Una historia de violencia

Primera escena: un virtuoso plano secuencia que nos anuncia el tono de la película. En aparicencia, todo parece calmado, simple, tranquilo; en el fondo, todo es sombrío, secreto, violento. Somos arrastrados inmediatamente por los retos de uno de los films más apreciados de David Cronenberg, conocedor de los problemas y las enfermedades, explorador de nuestros fantasmas y nuestros miedos, un cineasta mayor, un virtuoso en lo que hace.

Su estilo es particularmente notable en esta adaptación de un cómic poco reconocible en la gran pantalla. Más allá del planteamiento del argumento, la mano del director toma el mando y se apropia de este thriller, soberbiamente clásico y elegante en la forma, pero furiosamente retorcido en el fondo. Pero bueno, no os fieis de su título. La violencia en cuestión surge raramente, aunque cuando lo hace, es de la que no se olvida. Tenemos aquí una mezcla de géneros con base en el “neo-noir” que es capaz de llevarte por un viaje inesperado.

Tom Stall vive en Millbrook, un pequeño pueblecito de EEUU sin nada de especial, donde nunca ocurre nada. Tiene un restaurante donde su amabilidad y su sentido del humor hacen maravillas. En cuanto a su vida familiar, parece la ideal: adora a su mujer Edie como el primer día, juntos forman una pareja ideal que, además, tiene dos hijos encantadores. Jack, un chaval solitario que está entrando en la pubertad, y Sarah, una niña de apenas 6 años. Jack no está muy cómodo consigo mismo, cargando una ristra de inseguridades que le convierten en un objetivo de las burlas del colegio.
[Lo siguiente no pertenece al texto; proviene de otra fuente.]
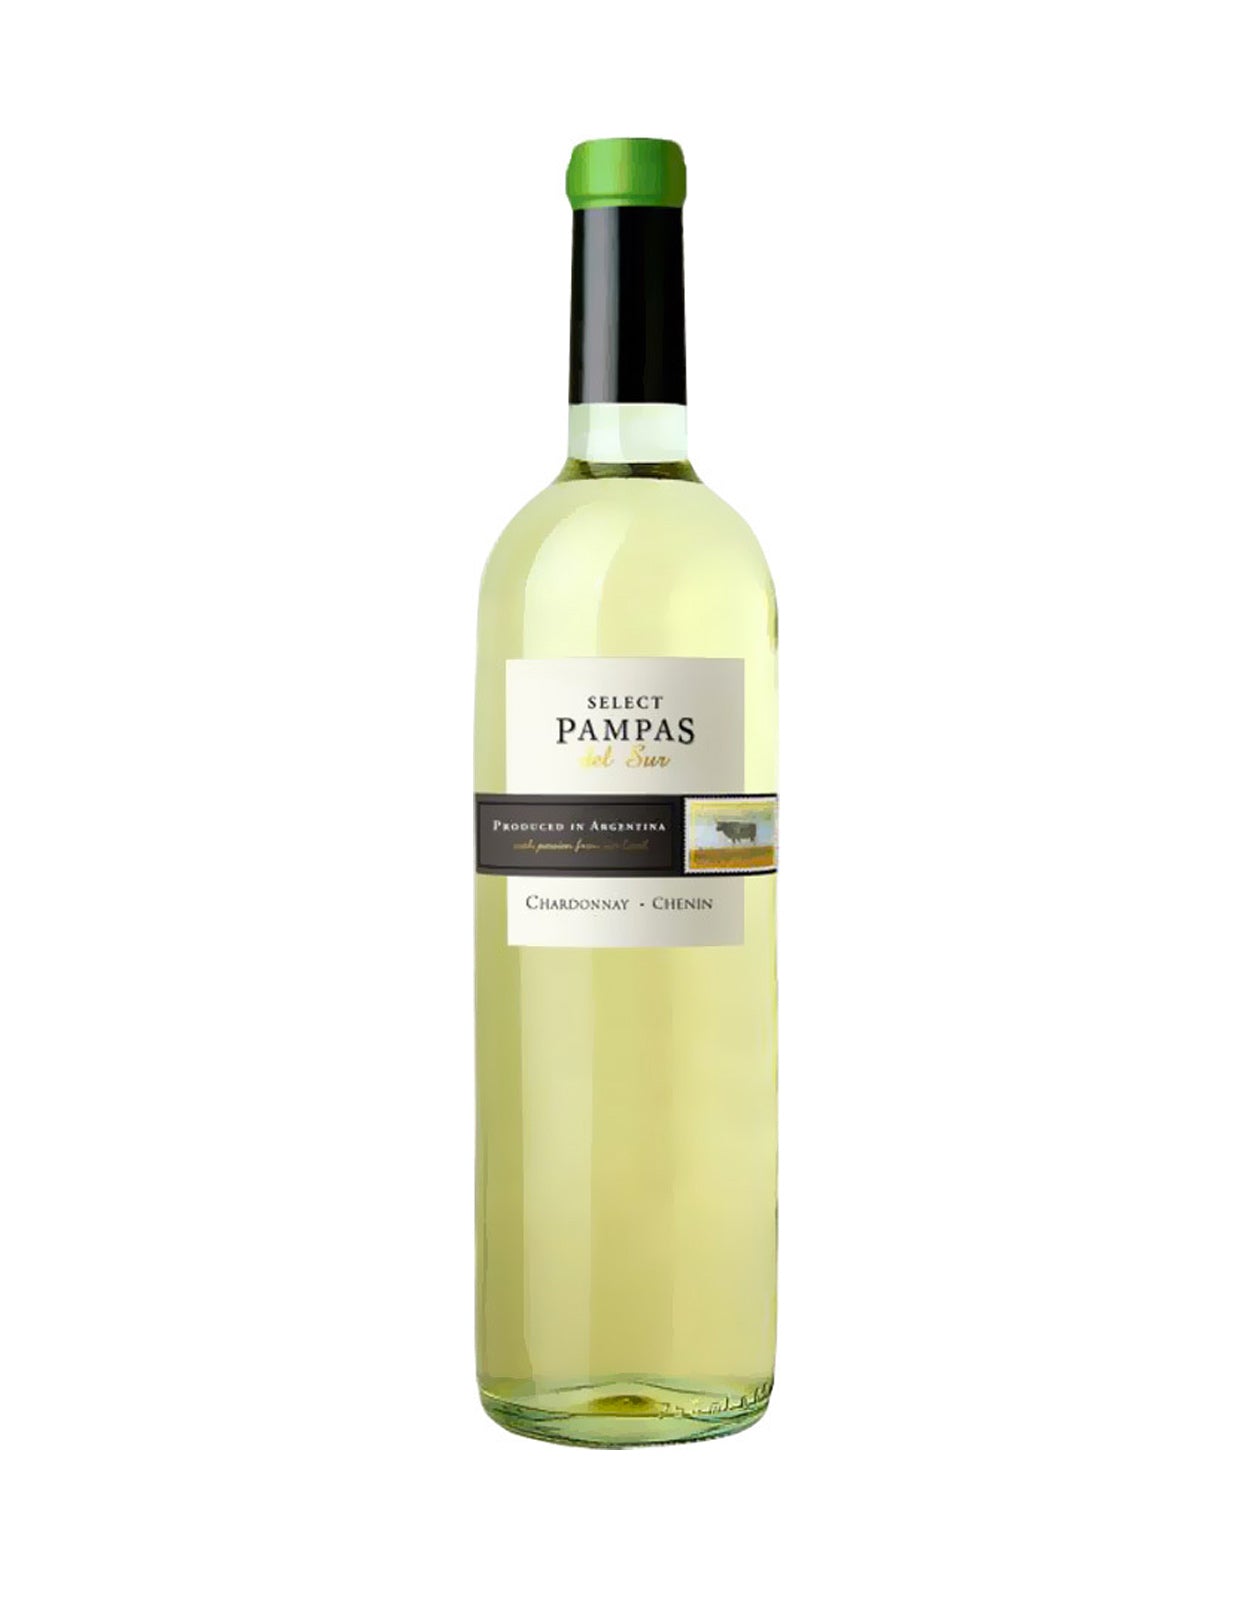 Pampas Chardonnay - Chenin

Su padre, un prodigio de modestia y paciencia, no es el mejor del que obtener consejos violentos. Vemos con facilidad que es Edie quién lleva la voz cantante en la casa, con un Tom que vive dejándose llevar sin ser capaz de acabar nunca con una mosca, completamente inofensivo.

Pero un día, dos extranjeros –justo tras la famosa secuencia de obertura- entran en el restaurante; dos atracadores impulsivos que vienen a llevarse el dinero de la caja y no dudan a amenazar a los clientes y los empleados del lugar. Frente al peligro y la brutalidad, nuestro hombre tranquilo reacciona por puro instinto. Y con una precisión asombrosa, con una rapidez sorprendente, desarma y abate a los dos malhechores. Todos los testigos de la escena se asombran por la reacción de Tom, incluso él mismo, podríamos decir. De todos modos, un cuchillo clavado en el pie le manda al hospital.
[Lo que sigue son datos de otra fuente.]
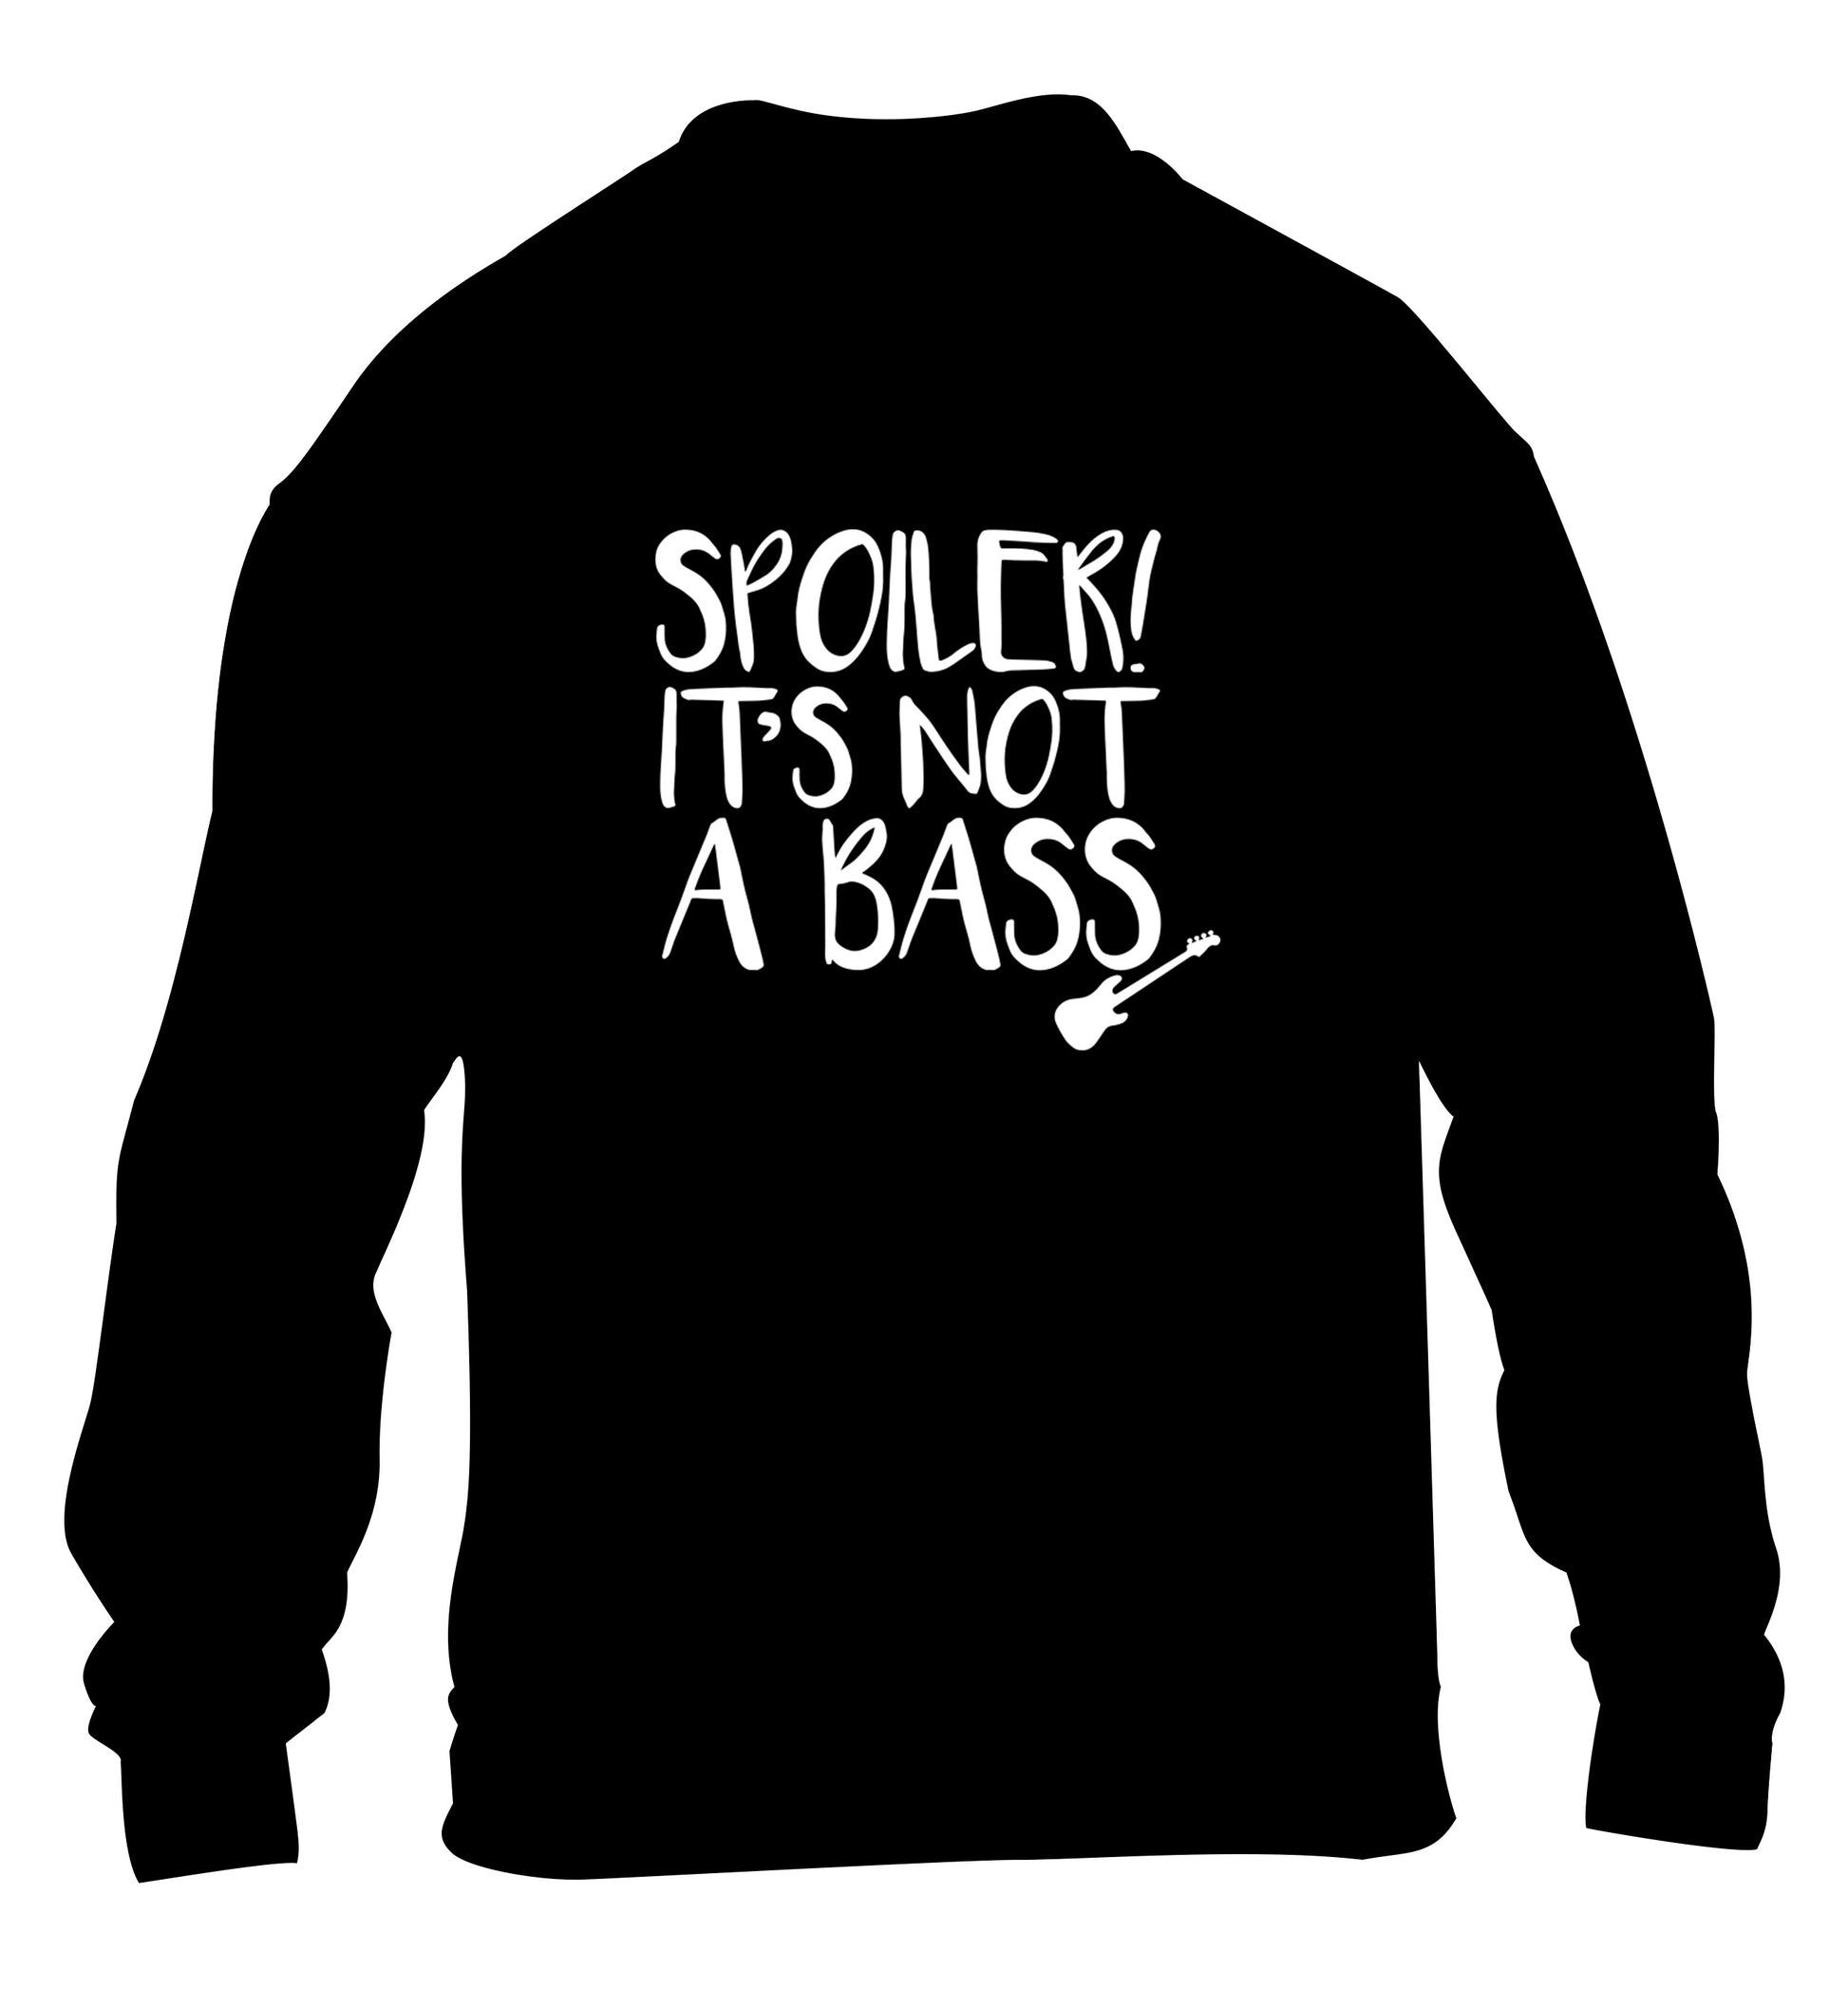 Spoiler it's not a bass children's black sweater 12-13 Years

A la salida, es recibido por una marabunta de periodistas que le han proclamado el nuevo héroe del pueblo norteamericano. Como siempre ocurre, la televisión hace correr la noticia por todo el país. En cuanto la familia de Tom Stall parece poder recuperar un asomo de normalidad, un tal Carl Fogarty aparece de ninguna parte. Con él, uno empieza a atisbar un pasado oscuro de Tom, que resurge, rompiendo el equilibrio que había caracterizado su vida hasta entonces.

La irrupción de la violencia y sus consecuencias dentro de un mundo calmado y sereno; las reacciones imprevistas que esta violencia tiene por efecto, tanto para los individuos como para la sociedad por completo; la identidad puesta en entredicho y, con ella, los fundamentos de las vidas paralelas; la transmisión de los valores y la herencia… temas que, de un modo u otro, caracterizan la obra de Cronenberg y que nutren este thriller en apariencia simple, pero verdaderamente tenebroso. Reflexiones pues, que no son baladí, espléndidamente integradas en un cuento macabro de lo más escalofriante.

Cronenberg adapta libremente un cómic para realizar una estupenda radiografía de la violencia y sus consecuencias, mostrando porqué puede alguien querer ser violento y dejando bien patente sus efectos. Muestra aquí una contención inusual en su cine, habitualmente más asquerosillo. Sin embargo, no impide que tengamos un ambiente que se hace malsano sin necesidad de acudir a explicaciones sobrenaturales. Una vez se rompe la calma que sostiene a la sociedad “normal”, se abre un velo en el que la sordidez campan a sus anchas y cualquier cosa es posible. En cierto modo, me recuerda a Terciopelo Azul, sólo que aquí envuelta en una historia de honor y venganza, donde los demonios de la culpa acechan desde cualquier esquina y las decisiones (los errores y aciertos) del pasado se vienen a cobrar factura. Desde un primer momento deja la sensación de que todo va a salir mal, porque, después de todo, estos follones nunca acaban bien.

Resulta curioso comprobar que la cantidad de violencia no es excesivamente grande. Casi todo el metraje es un “se va a liar”, hasta que por fin estalla en unos arrebatos de violencia que cortan el hipo, con una visceralidad impactante que se ve muy pocas veces en pantalla, bien capaz de pegarte al asiento. Además, como ya vienes predispuesto por la atmósfera, se clavan bien en la retina, mostrando lo mucho que se puede acongojar al personal sin necesidad de sustos facilones.

Todo esto no saldría adelante si no es por la espectacular actuación de sus dos protagonistas. Viggo Mortensen en uno de sus mejores papeles, aterrador a pesar de su contención y su aparente afabilidad, y un William Hurt que se sale como malvado amoral que está de vuelta de todo, que ordena acabar con vidas ajenas con la facilidad que otros apagan una vela. Este último borda su papel, culminando con un monólogo final sobre la utilidad de la violencia en la sociedad que es toda una exhibición.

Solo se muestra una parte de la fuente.